The purpose of this article is to explain the semantics and usage of ideophones in Siwu, a language spoken in Eastern Ghana. Another goal is to look at ideophones as they occur in natural discourse and to expand upon other linguistic research dealing with ideophones in general. This source is very applicable to my project as the author is writing about the same aspect of language that I want to study and explores many aspects of it. He also specifically addresses prosody in ideophonic utterances, usage in natural conversation and other aspects of the intersection between language use and culture that are relevant to the linguistic research in my project.

-Uzendoski, Michael A., Mark Hertica, and Edith Calapucha Tapuy. "The Phenomenology of Perspectivism: Aesthetics, Sound, and Power in Women’s Songs from Amazonian Ecuador." Current Anthropology 46.4 (2005): 656-62. Print.

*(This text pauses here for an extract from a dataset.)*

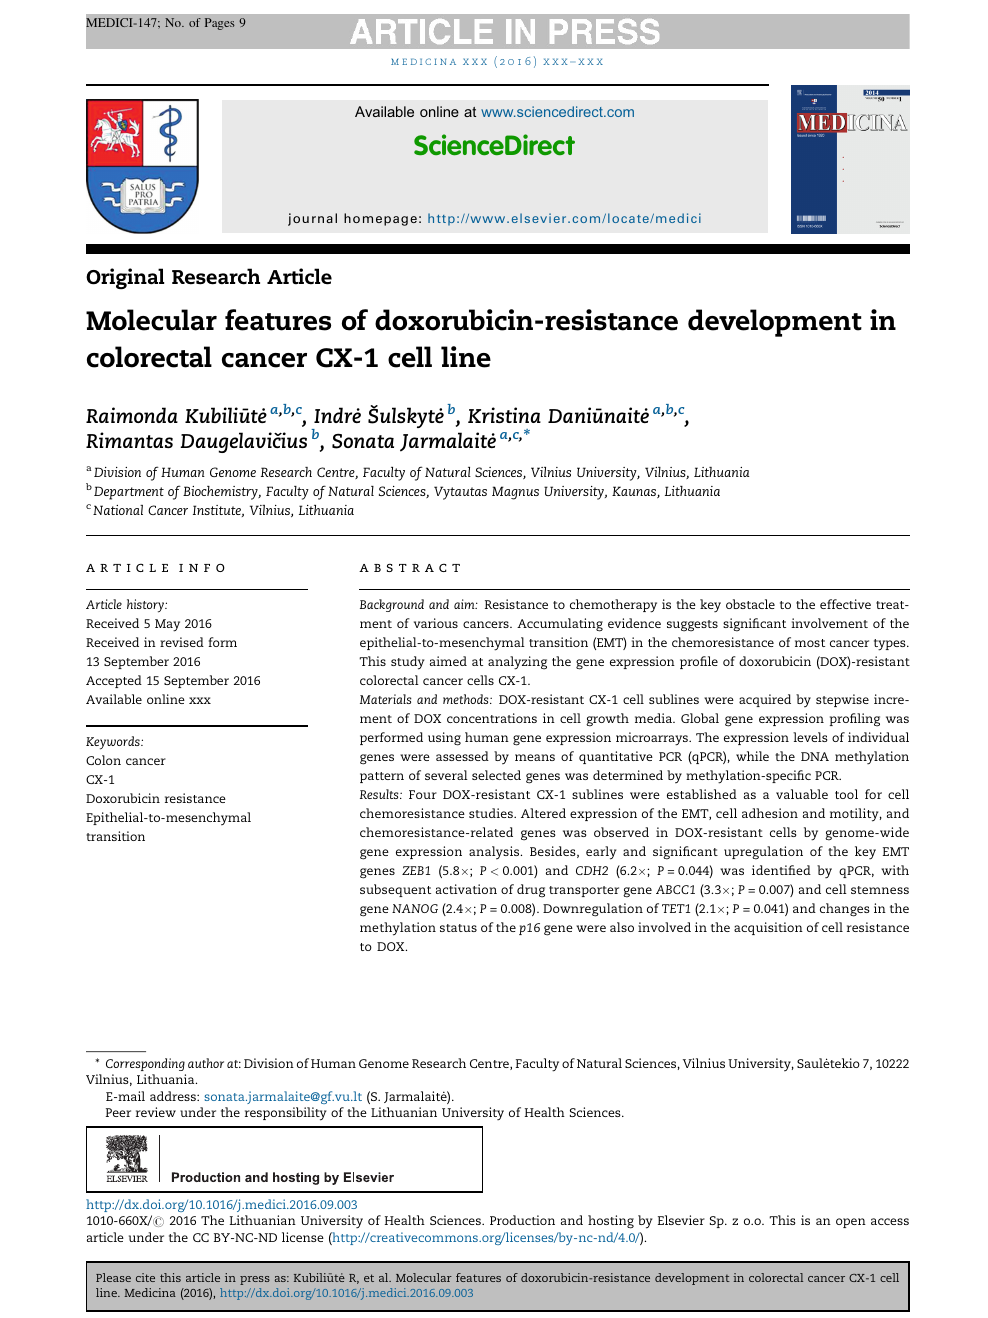 Molecular Features Of Doxorubicin Resistance Development In Colorectal Cancer Cx 1 Cell Line Topic Of Research Paper In Biological Sciences Download Scholarly Article Pdf And Read For Free On Cyberleninka Open Science Hub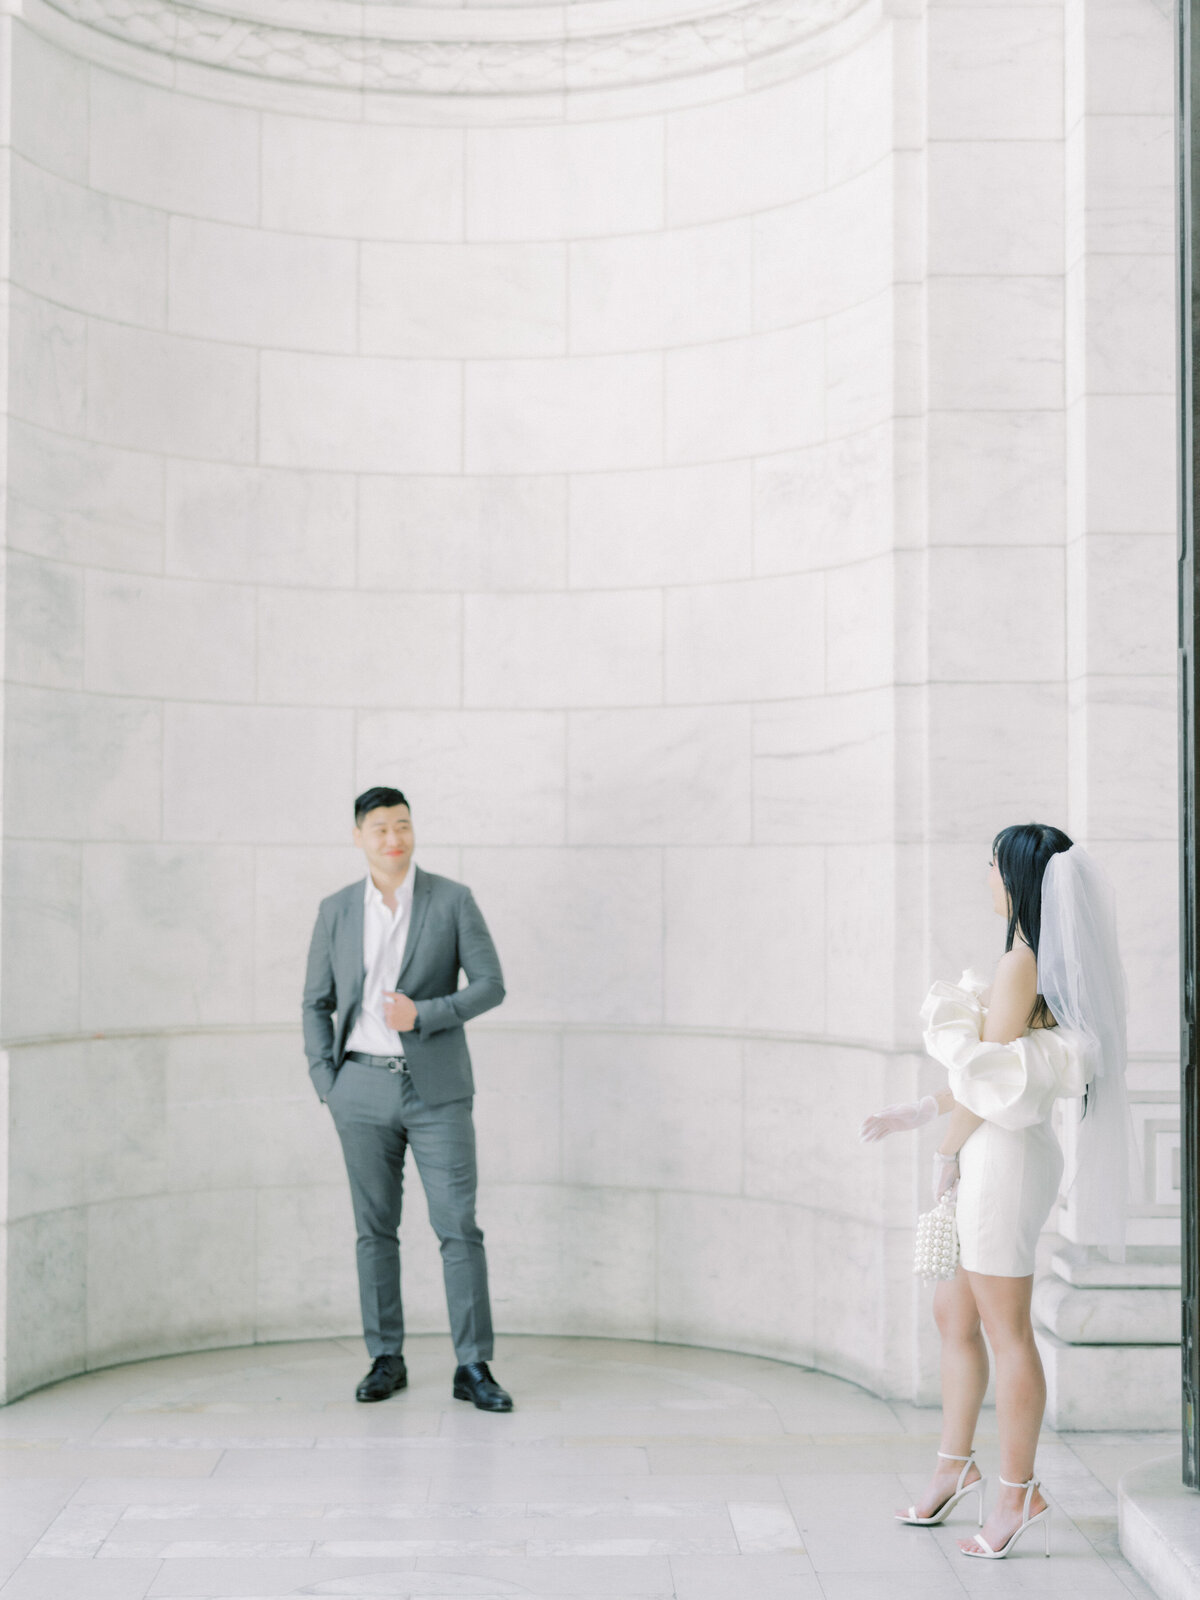 Vogue Editiorial NYC Elopement Themed Engagement Session Highlights | Amarachi Ikeji Photography 30

This article discusses the singing style of Napo Runa women and how it shows their perspective of the relationship between nature and the self. It draws on work by Descola and Viveiros de Castro as well as Overing and Passes, who have all discussed the Amazonian view of nature as a part of human sociality. Songs in Runa culture are an important mode of exercising shamanic power and attracting both animals and humans, and one way that women's songs word is to make use of aesthetic features to embody other species and take on their traits. This article is relevant to my research because it discusses performative elements used consciously by Runa singers that may relate to similar performative elements in speech. It also provides insight into Runa interactions with and view of nature, which I am very interested in and is related to ideophone usage as well.

-Woodbury, Anthony C. "Meaningful Phonological Processes: A Consideration of Central Alaskan Yupik Eskimo Prosody." Language 63.4 (1987): 684-740. Print.

In this article, Woodbury argues that there are postlexical, optional phonological rules in the Central Alaskan Yupik Eskimo language (CAY) which modify meaning. These rules "assign stress, geminate consonants, lengthen vowels, and rearrange syllable structure" like other prosody rules. Woodbury asserts that this challenges the principle of articulation proposed by Martinet because in this case, phonological processes carry meaning. This article is relevant to my project because the idea that prosodic elements carry meaning is essential to my investigation of the performativity of ideophones.